Stored records:
● ● ● ●
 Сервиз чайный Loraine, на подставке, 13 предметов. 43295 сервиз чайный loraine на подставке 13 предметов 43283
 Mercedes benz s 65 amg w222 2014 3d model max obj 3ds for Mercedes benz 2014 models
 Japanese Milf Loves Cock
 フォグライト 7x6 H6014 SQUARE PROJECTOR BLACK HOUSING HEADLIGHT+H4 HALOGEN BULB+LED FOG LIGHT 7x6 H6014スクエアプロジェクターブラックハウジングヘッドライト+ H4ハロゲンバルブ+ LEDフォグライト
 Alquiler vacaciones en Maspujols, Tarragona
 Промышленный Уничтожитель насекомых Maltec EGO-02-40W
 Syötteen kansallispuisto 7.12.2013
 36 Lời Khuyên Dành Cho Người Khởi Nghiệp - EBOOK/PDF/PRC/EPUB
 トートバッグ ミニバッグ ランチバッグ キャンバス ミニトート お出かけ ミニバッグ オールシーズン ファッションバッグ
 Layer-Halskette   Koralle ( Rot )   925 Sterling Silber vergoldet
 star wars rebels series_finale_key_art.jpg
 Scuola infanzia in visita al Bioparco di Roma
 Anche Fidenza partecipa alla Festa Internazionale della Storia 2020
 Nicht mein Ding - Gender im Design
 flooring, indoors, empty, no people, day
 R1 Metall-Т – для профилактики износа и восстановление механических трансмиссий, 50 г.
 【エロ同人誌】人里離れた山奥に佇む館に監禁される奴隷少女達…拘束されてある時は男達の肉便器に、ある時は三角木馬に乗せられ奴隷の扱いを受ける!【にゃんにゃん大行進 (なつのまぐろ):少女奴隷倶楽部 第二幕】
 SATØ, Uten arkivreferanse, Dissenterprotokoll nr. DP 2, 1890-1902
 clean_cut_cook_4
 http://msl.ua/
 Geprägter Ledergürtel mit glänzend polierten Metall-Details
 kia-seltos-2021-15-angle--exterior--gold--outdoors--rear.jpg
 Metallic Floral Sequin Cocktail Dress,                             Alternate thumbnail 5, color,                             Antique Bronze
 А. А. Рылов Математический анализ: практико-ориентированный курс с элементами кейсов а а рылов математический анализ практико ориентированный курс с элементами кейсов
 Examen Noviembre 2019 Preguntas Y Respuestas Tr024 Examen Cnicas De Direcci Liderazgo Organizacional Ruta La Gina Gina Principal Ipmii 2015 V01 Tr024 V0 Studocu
● ● ● ●
§ Problem details
Above are records; repeat only the lines starting at the line with "R1 Metall-Т –" and ending at the line with "Geprägter Ledergürtel mit", exactly as they appear, both included.

§ Task output
 R1 Metall-Т – для профилактики износа и восстановление механических трансмиссий, 50 г.
 【エロ同人誌】人里離れた山奥に佇む館に監禁される奴隷少女達…拘束されてある時は男達の肉便器に、ある時は三角木馬に乗せられ奴隷の扱いを受ける!【にゃんにゃん大行進 (なつのまぐろ):少女奴隷倶楽部 第二幕】
 SATØ, Uten arkivreferanse, Dissenterprotokoll nr. DP 2, 1890-1902
 clean_cut_cook_4
 http://msl.ua/
 Geprägter Ledergürtel mit glänzend polierten Metall-Details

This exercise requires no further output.